2. If the first step doesn't appear to be the problem, you might
want to make sure you have a clean KDE install - check for KDE libs
(other than symlinks) in /usr/lib and other locations other than
/opt/kde3/lib. Also check for libqt and libqt-mt and look for
multiple versions of those (for example libqt.so.2 and libqt.so.3).
If you can, delete and re-install KDE (that's pretty messy on SuSE
because their installer 'yast' depends on KDE - don't know about
Mandrake). Will the PyQt examples run?

Again, the libkdecore.la file in site-packages might provide a hint.
If a necessary lib (like libkdecore or libqt) turns up earlier in
the search path than /opt/kde3/lib or /usr/lib/qt3, it'll get used
instead - I've tried to order things to prevent that, but might not
have eliminated all of the possibilities.

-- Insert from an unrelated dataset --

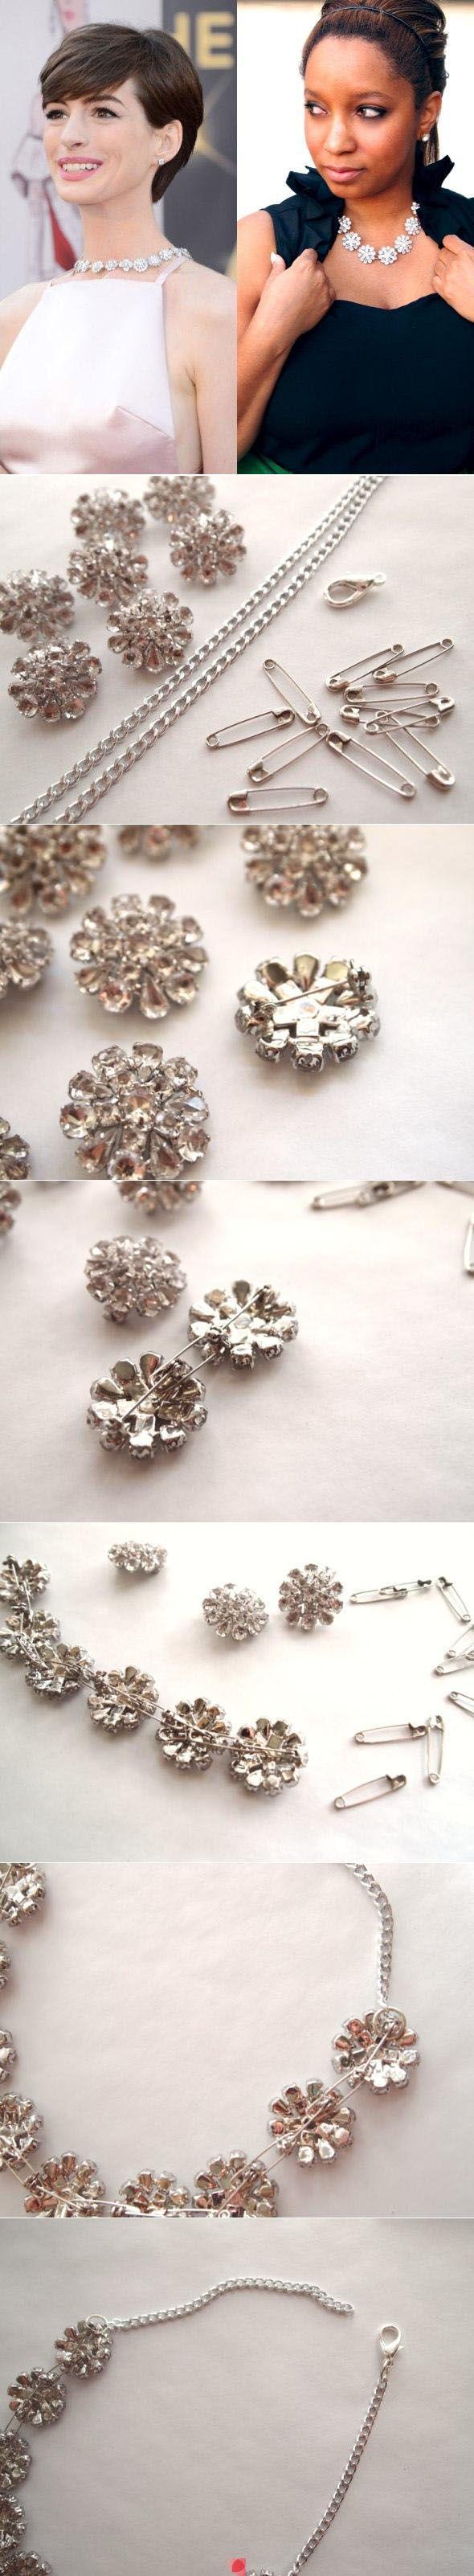 collier broches pingles nourrice diy bijoux. Black Bedroom Furniture Sets. Home Design Ideas

3. Try a clean build of PyKDE - running './configure' again deletes
everything and rebuilds from the ground up. I know it's a long
compile - the next version will be faster, so you might want to wait
for that. I don't think anything will change in the next version
that will affect the problem you're having though. Restore all the
stuff you commented out too (starting with kmutlipledrag.sip) - it
should all work once the real problem is fixed.

I've run into these kinds of problems on my own systems and they
can be very frustrating. The fix is usually simple once you find
the cause. I always appreciate it when people stick with it this
far and am happy to provide any help I can. Personally I think it's
worth it - I've been writing stuff for my own use with PyKDE the
last few weeks and it's really been fun and productive too.